You may find a bit more info here


----------



## cookie520 (Jan 7, 2008)

Mark

Contrary to popular belief, and if you are very very lucky







then Alfa can be reliable. I have a GTV 3.0 V6 which imho is still one of the best looking cars on the road......you'll find loads of good information on the owners club site AROC UK or on a good forum site like alfaowner. Cambelts and variators are the main mechanical issues that get raised with the Twinspark engines ( mainly cos of the damage it causes







) but tbh most of the niggles with Alfas are caused by german electrical components that go a bit flakey.

If I was looking at a 156 and assuming I didn't want the V6 then I'd probably look for a late 2.0JTS or a multijet 1.9JTD.

There's a great community coupled with a sense of mad desperation with Alfa owners so I firmly recommend getting one.

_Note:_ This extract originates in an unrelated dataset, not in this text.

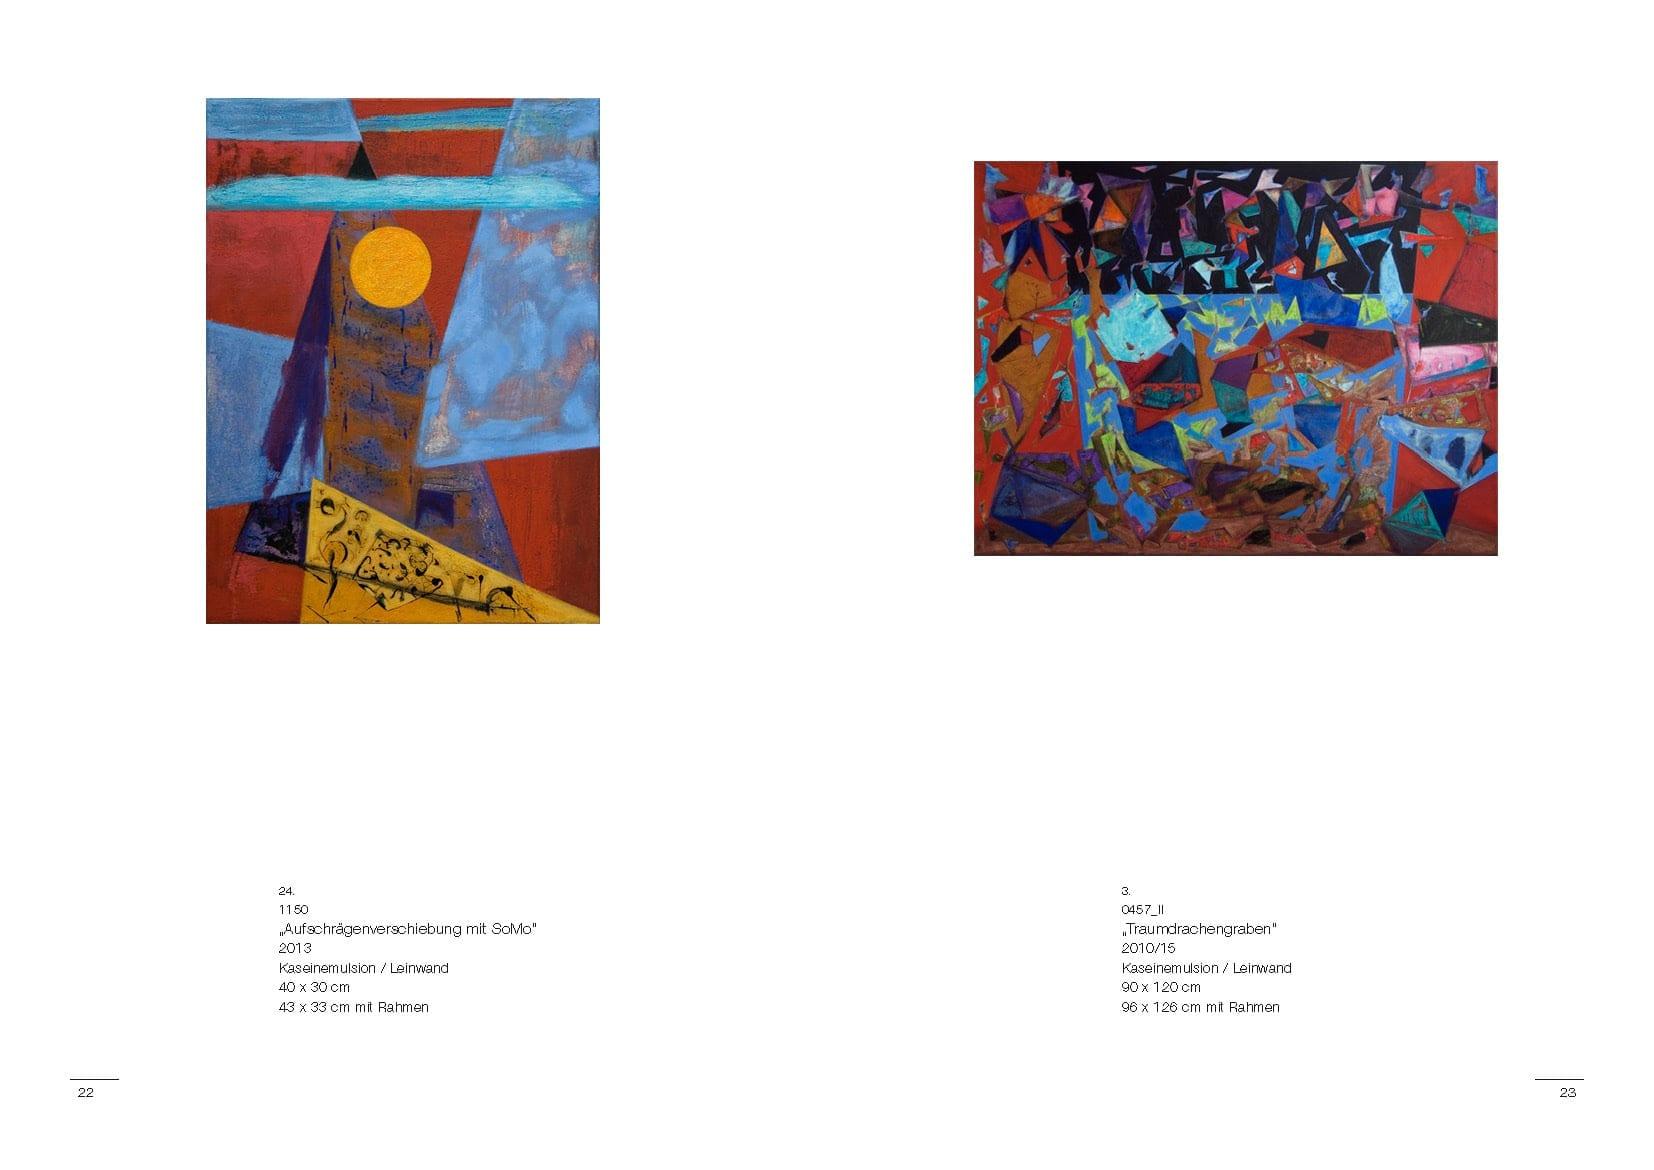 JOST GIESE Ausst. KH KB 2016 Katalog_A4_2 Doppelseiten_Seite_12 ...

If you can be tempted up the foodchain to the GTV then you should visit Sportsalfa


----------



## cookie520 (Jan 7, 2008)

MarkF said:


> I have decided to get one of these for fun instead of another bike and any advice would be appreciated from car nuts. It's one of the very few modern cars that holds any interest for me, I think it's beautiful.
> 
> 
> 
> ...


Just noticed this....so it's the GTA or the JTS then...


----------



## mrteatime (Oct 25, 2006)

wow.....love then alfa's...they look awesome, if i didnt have to rely on one to get to work everyday, or clean the oil from the drive i would get one like a shot. they are very pleasing on the eye, but only in red


----------



## blackandgolduk (Apr 25, 2005)

Leanne's dad had one as a company car for about 2 years and I thought it was a great motor - like you say, it has something different about it. We drove from Oxford to the South of France and back in it and had no problems at all along the way. Although his was a diesel estate, the performance could be pretty eager and it liked to be 'driven'. If you're doing low mileage then I reckon it's a good bet - have you checked the JD Power/Top gear surveys?

He's now got a baby Jag and although he likes it, I suspect he preferred the Alpha. One thing that I loved was the cabin - great attention to detail and quite retro, the dash had a 'rubberised' feel to it and attention to detail on the air vents etc. was great. I say go for it!


----------



## johnbrigade (Oct 15, 2007)

i _really_ want one of these \/










but i'm not sure i can handle the mad desperation that cookie talks about - plus my nearest dealer is 30 miles away and i'm not sure i can cope with going there every week


----------



## Robert (Jul 26, 2006)

Great cars - I went to look at them when I changed my car in 2003 but both times I went it was the Alfa salesmans day off







I gave up.

We used to have two in the fleet - one was perfect but the other wasn't. Just your luck.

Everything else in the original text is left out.